◆ The problem: Reproduce the whole listing exactly, omitting any picture it holds.

[[ Information supplied open ]]

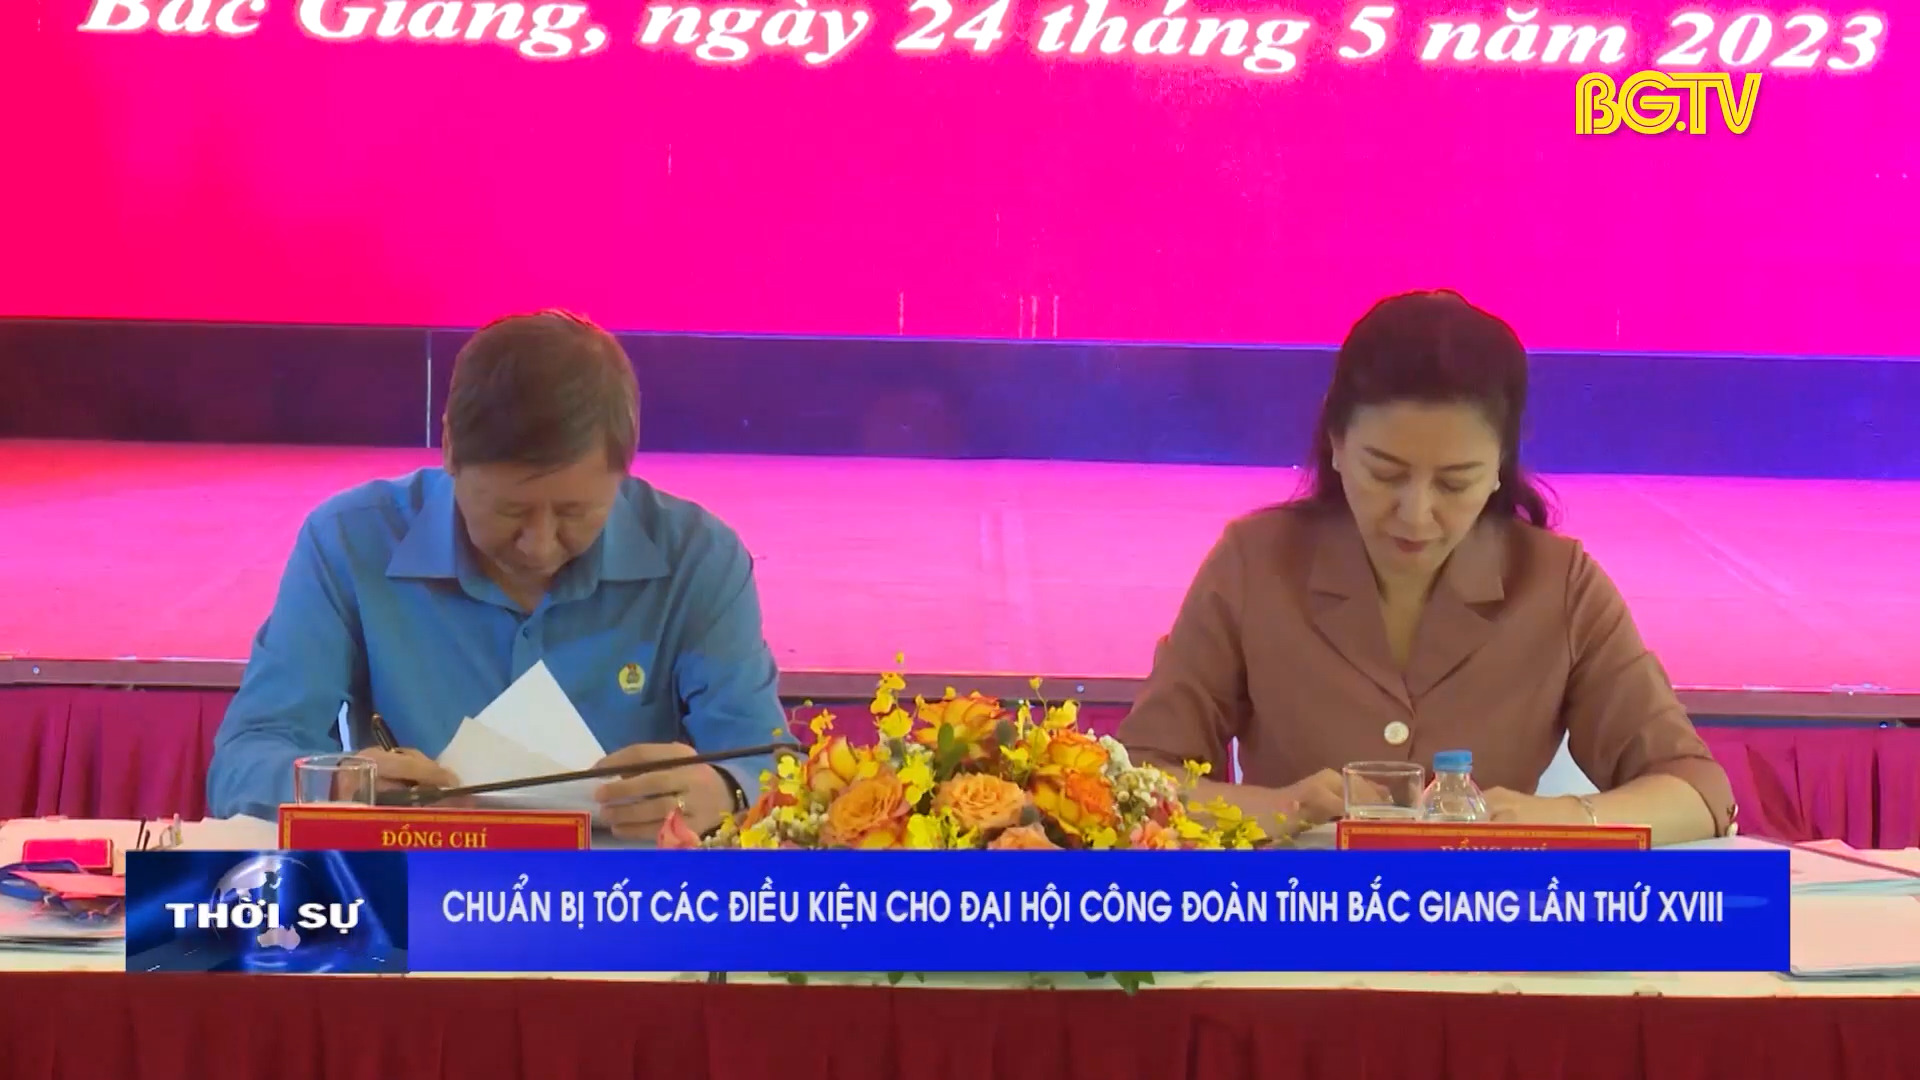 Công tác chuẩn bị cho đại hội công đoàn tỉnh Bắc Giang lần thứ XVIII
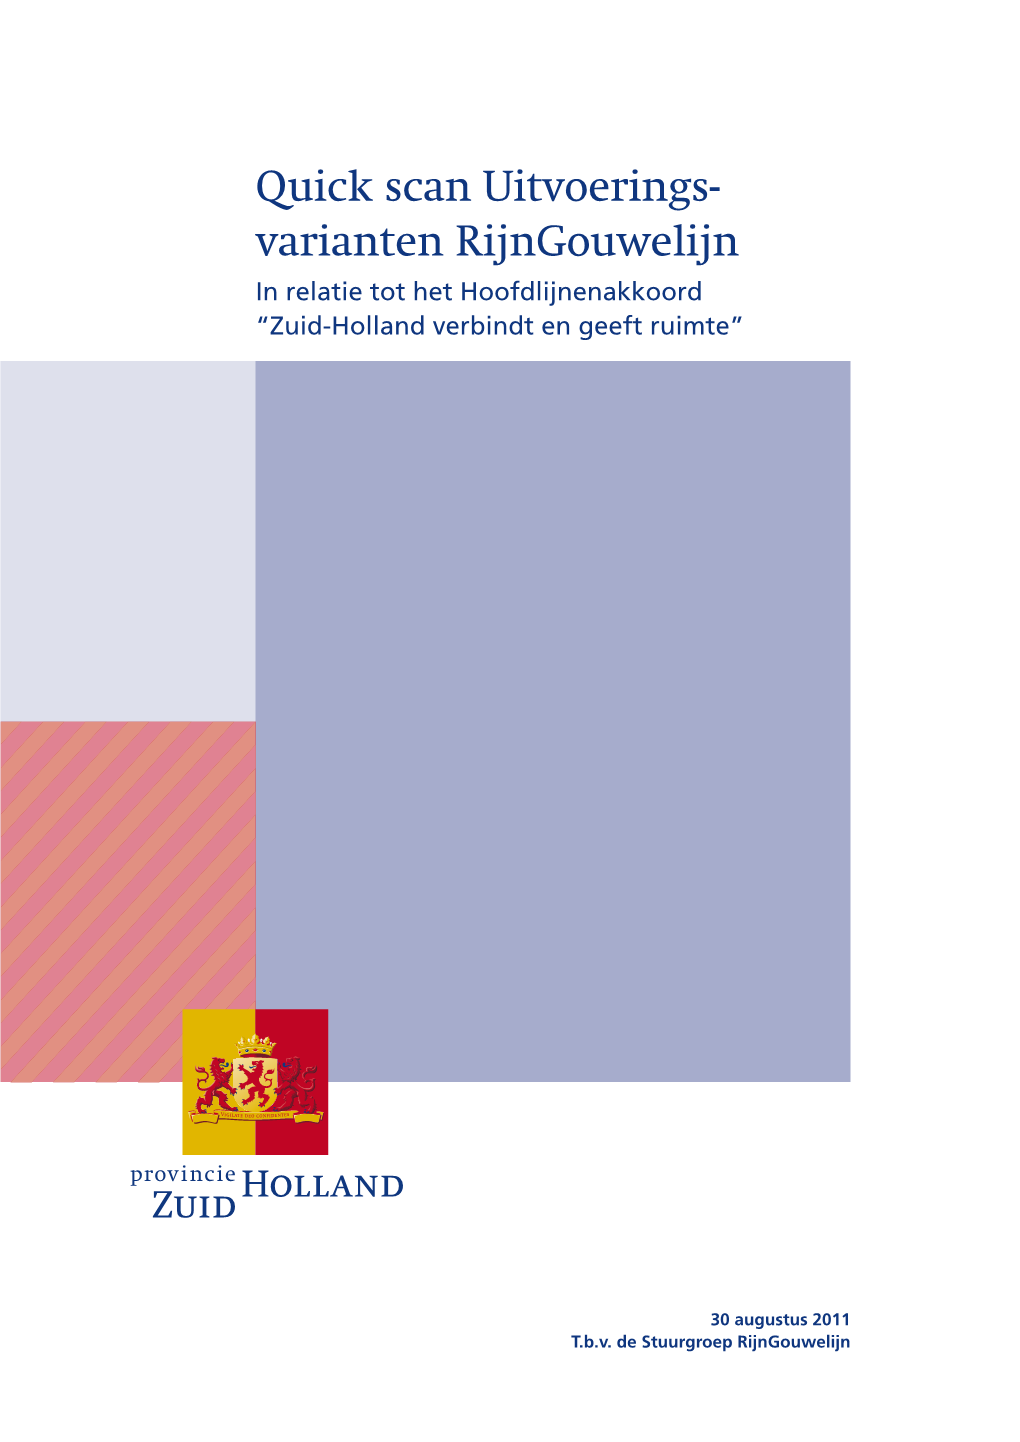 Varianten Rijngouwelijn in Relatie Tot Het Hoofdlijnenakkoord “Zuid-Holland Verbindt En Geeft Ruimte”
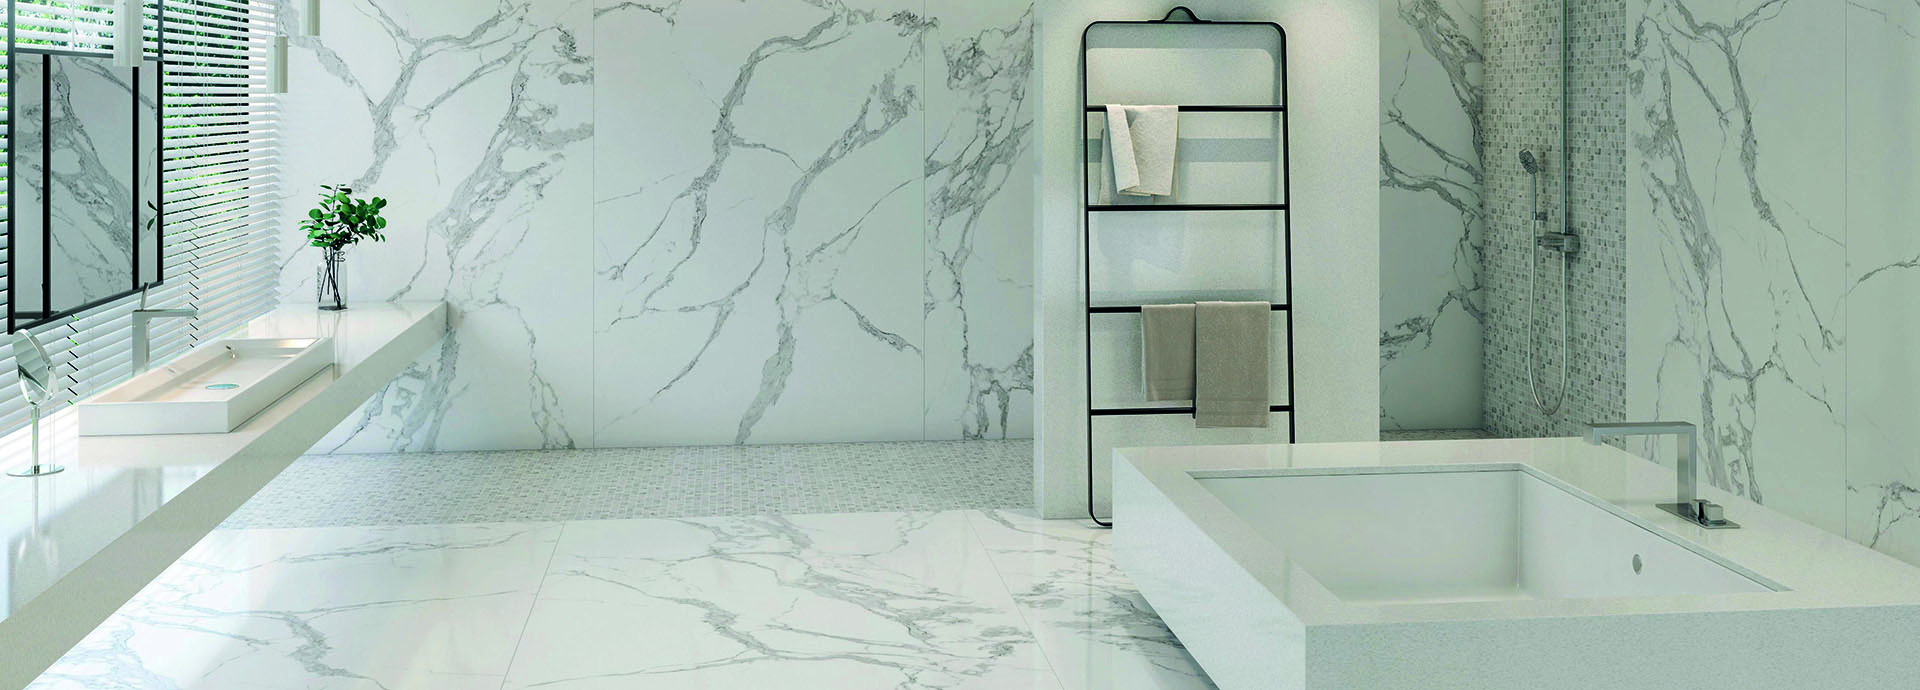 Ceramic Statuario Bathroom floor and wall cladding
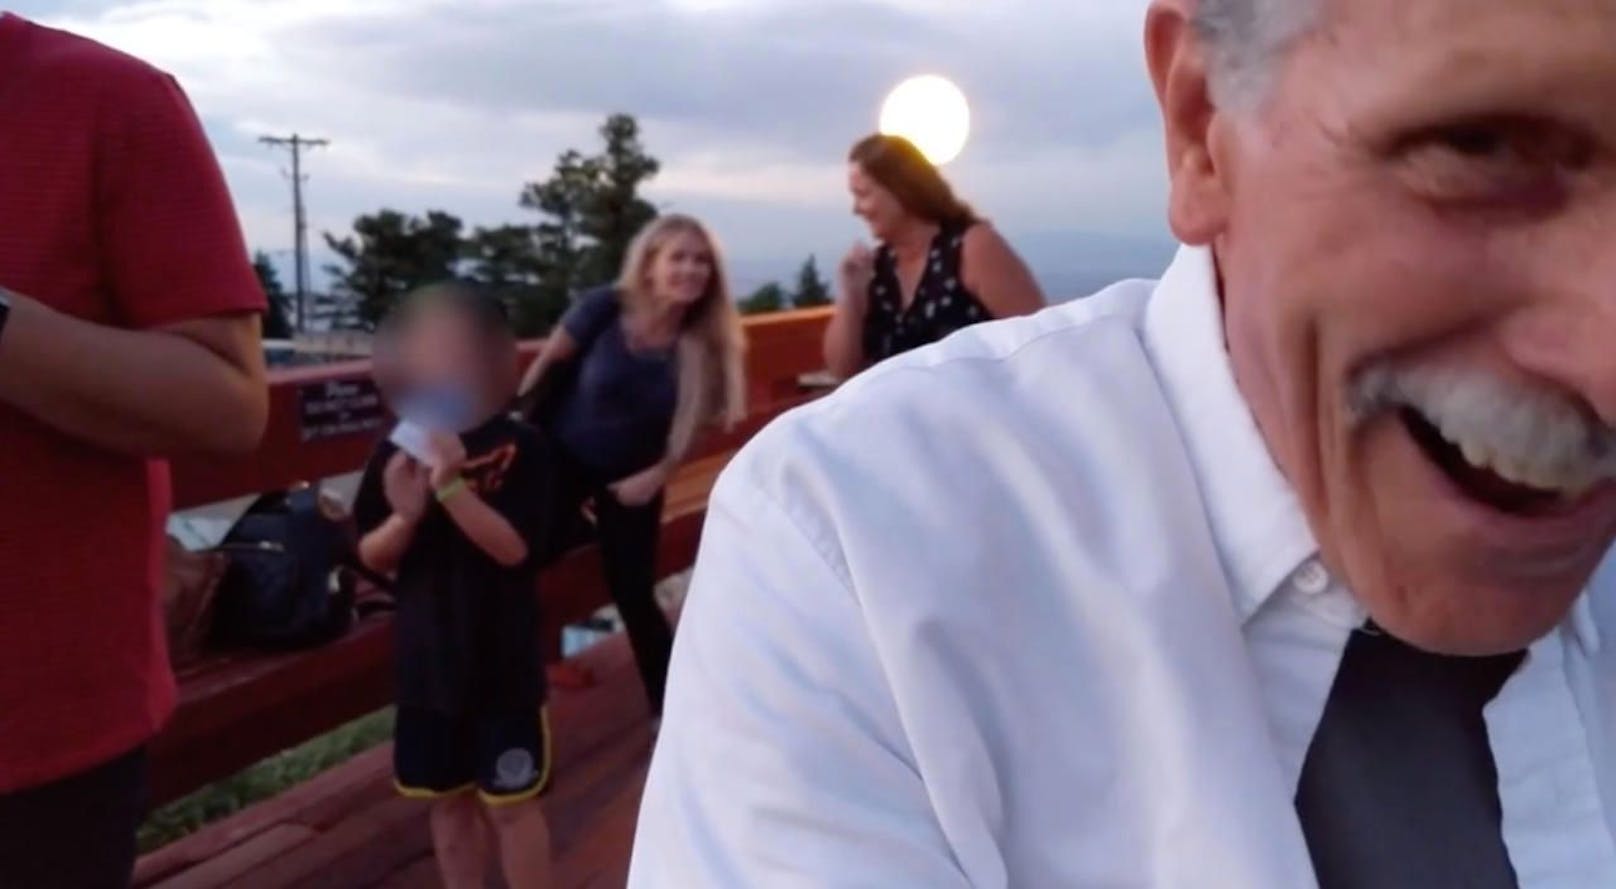 Kamera falsch herum halten kann auch Spaß machen: Amüsieren sich die Touristen über den Hochzeitsantrag oder doch über &quot;Pannen-Opa&quot; John?

[[ Information supplied closed ]]

◆ Your response:
 Công tác chuẩn bị cho đại hội công đoàn tỉnh Bắc Giang lần thứ XVIII
 Varianten Rijngouwelijn in Relatie Tot Het Hoofdlijnenakkoord “Zuid-Holland Verbindt En Geeft Ruimte”
 Ceramic Statuario Bathroom floor and wall cladding
 Kamera falsch herum halten kann auch Spaß machen: Amüsieren sich die Touristen über den Hochzeitsantrag oder doch über &quot;Pannen-Opa&quot; John?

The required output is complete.